■ **About this exercise**
The result should be an exact copy of the entries below, free of pictures.

■ **The data**
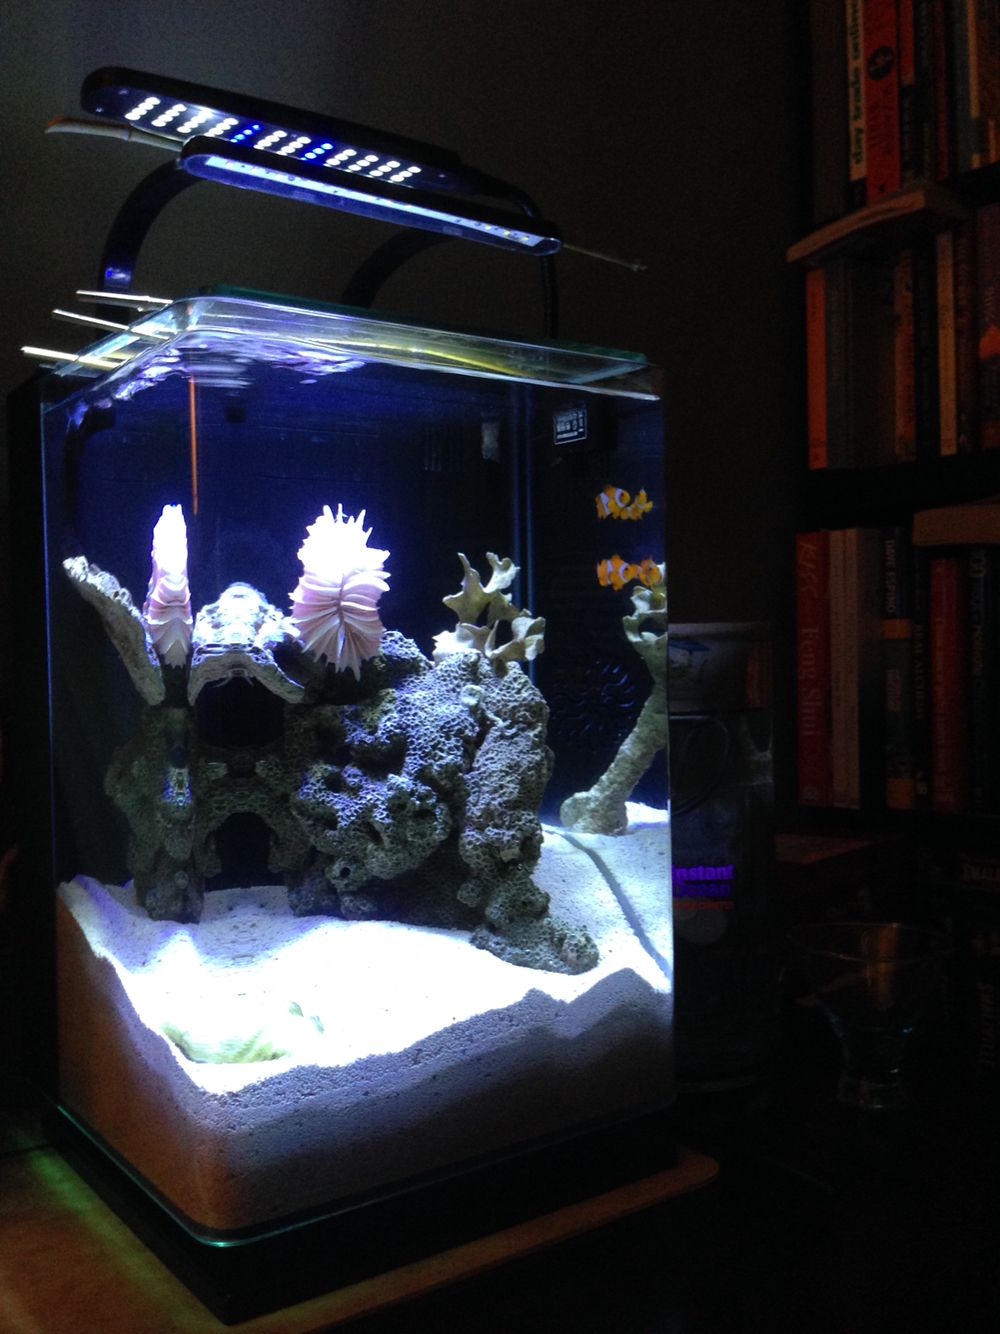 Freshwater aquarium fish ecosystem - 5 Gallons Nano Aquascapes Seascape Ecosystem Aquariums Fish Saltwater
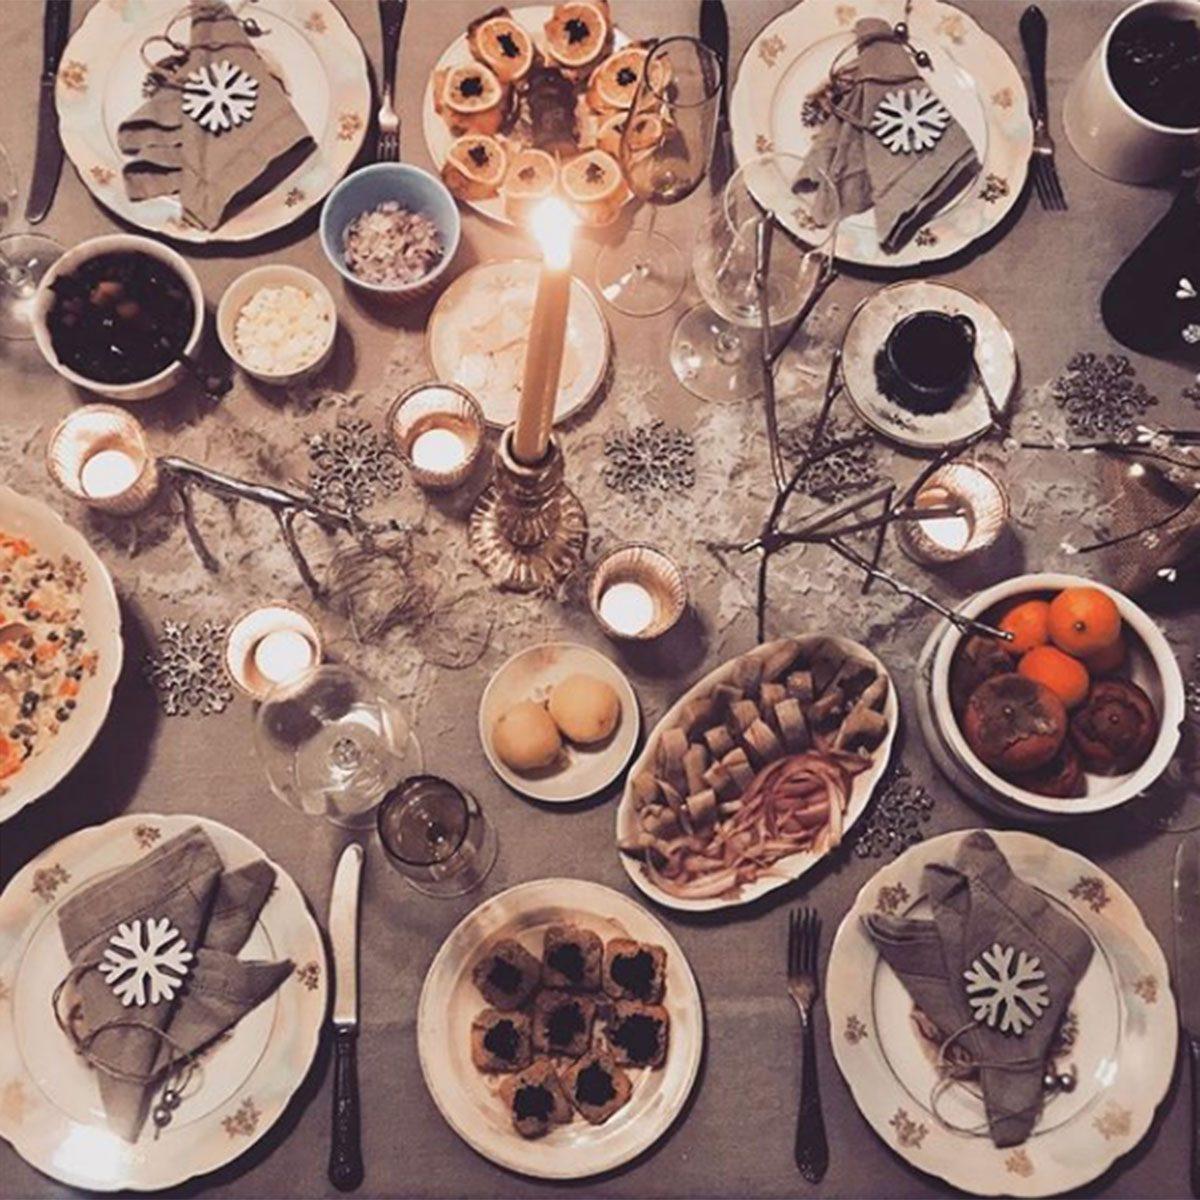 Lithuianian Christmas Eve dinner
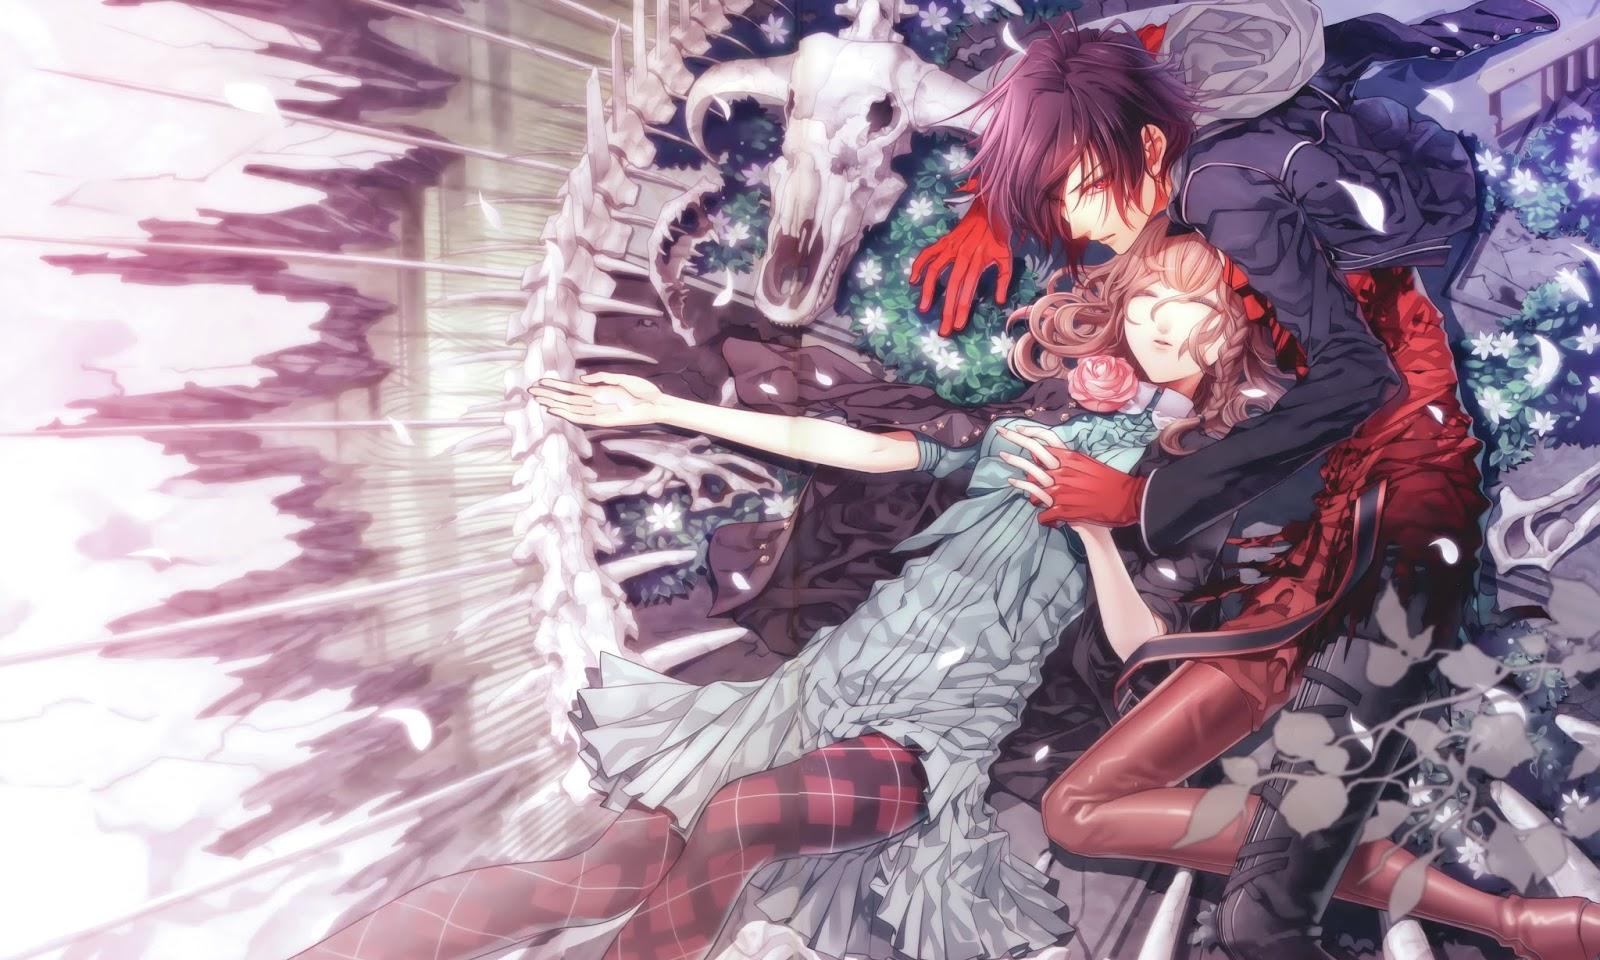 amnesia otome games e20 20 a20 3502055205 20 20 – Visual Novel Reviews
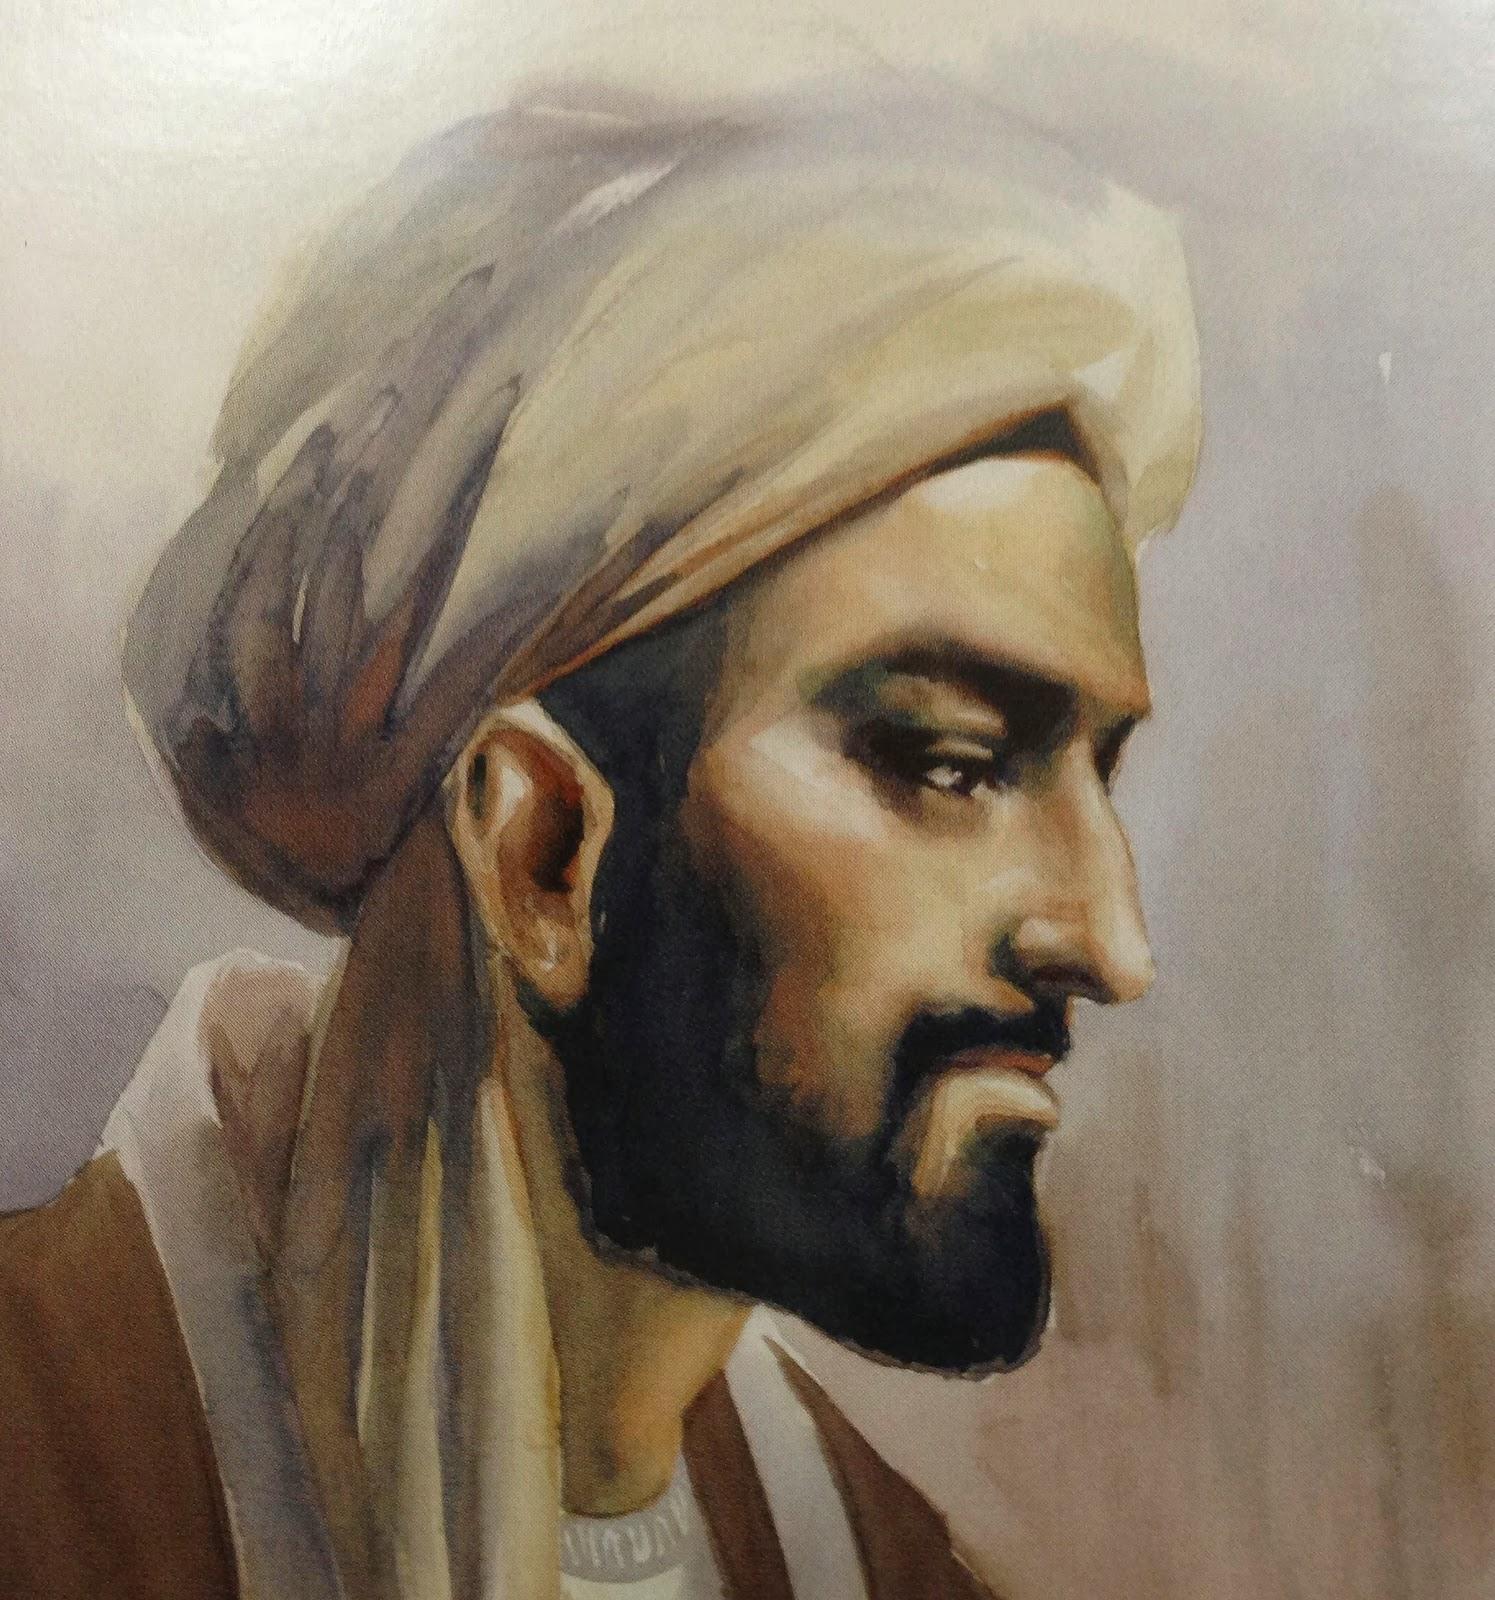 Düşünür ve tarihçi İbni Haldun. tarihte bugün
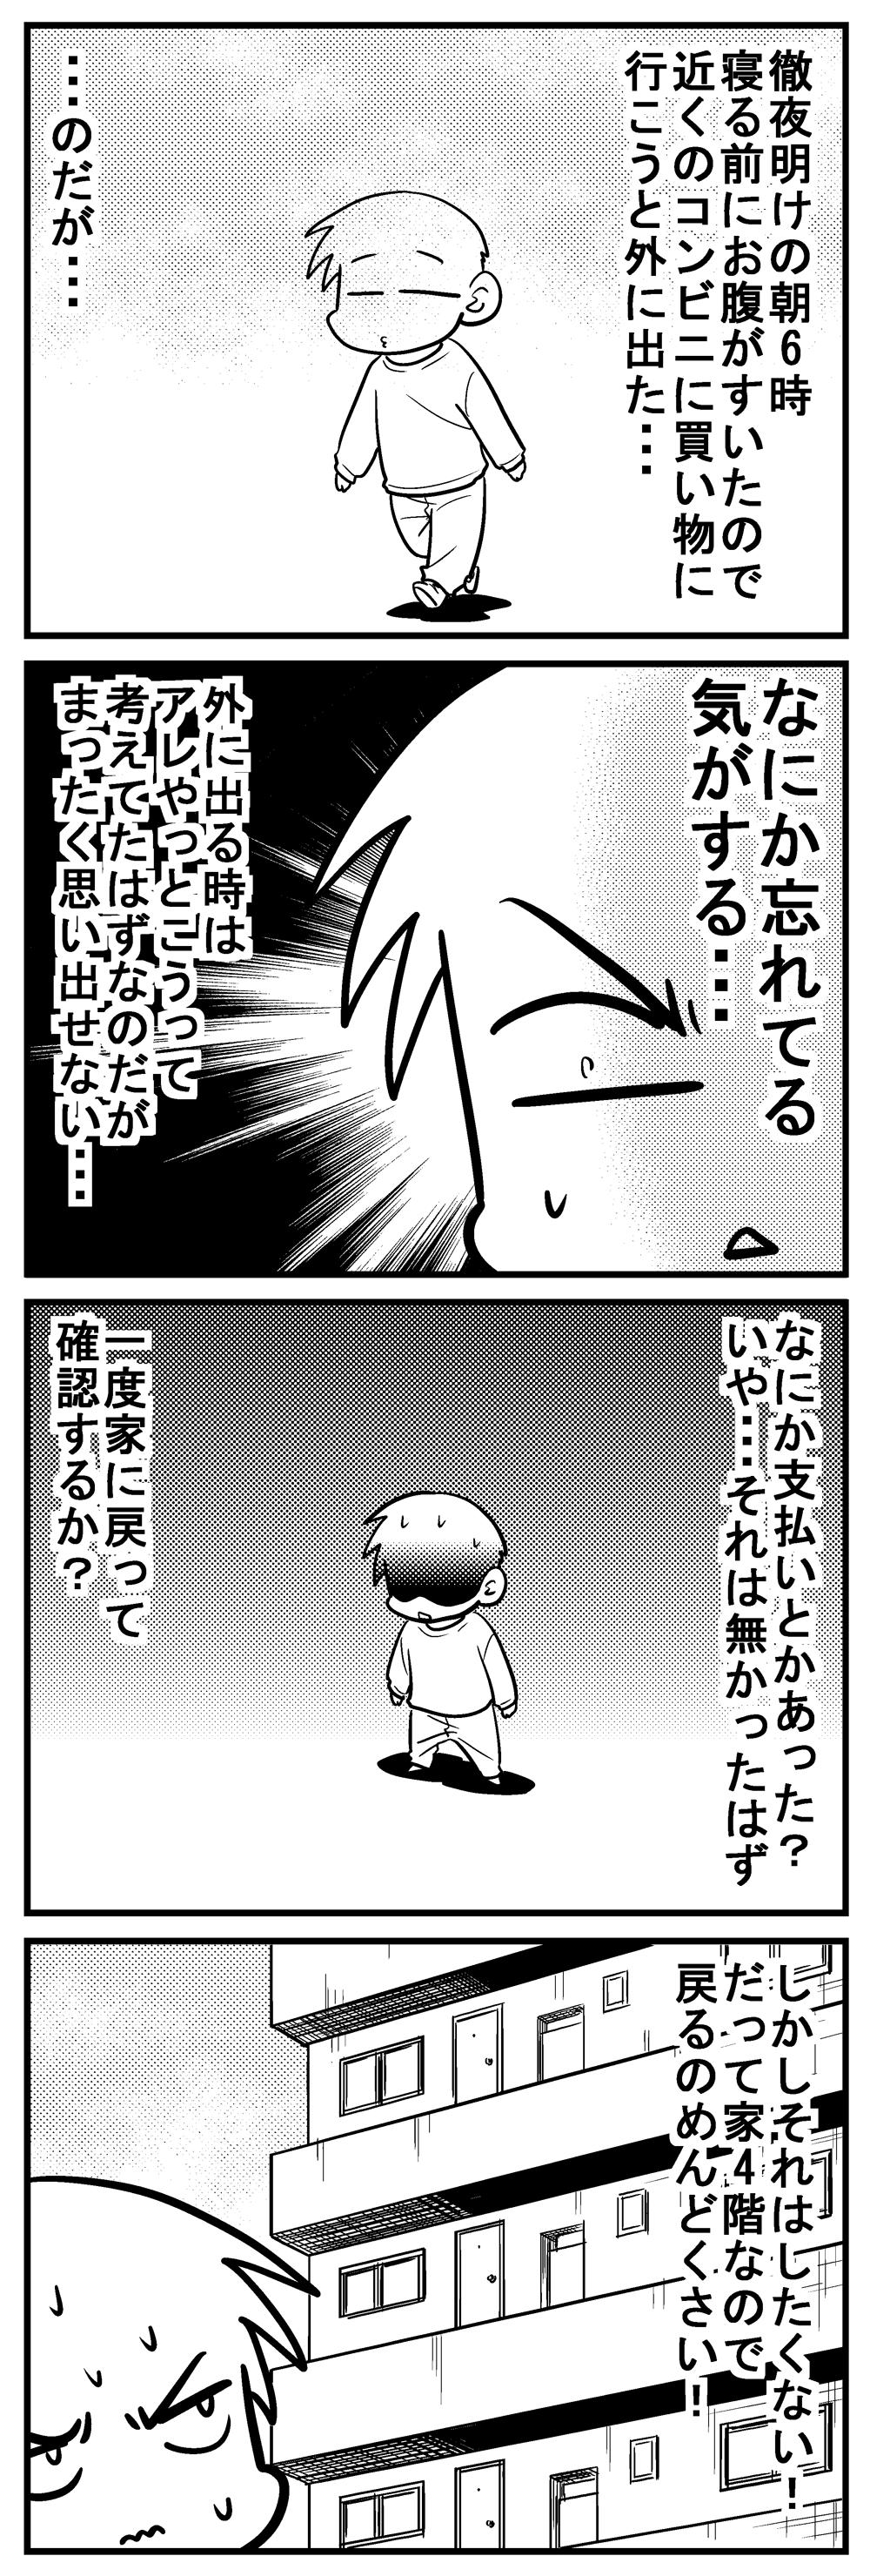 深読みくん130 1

■ **The completed task**
 Freshwater aquarium fish ecosystem - 5 Gallons Nano Aquascapes Seascape Ecosystem Aquariums Fish Saltwater
 Lithuianian Christmas Eve dinner
 amnesia otome games e20 20 a20 3502055205 20 20 – Visual Novel Reviews
 Düşünür ve tarihçi İbni Haldun. tarihte bugün
 深読みくん130 1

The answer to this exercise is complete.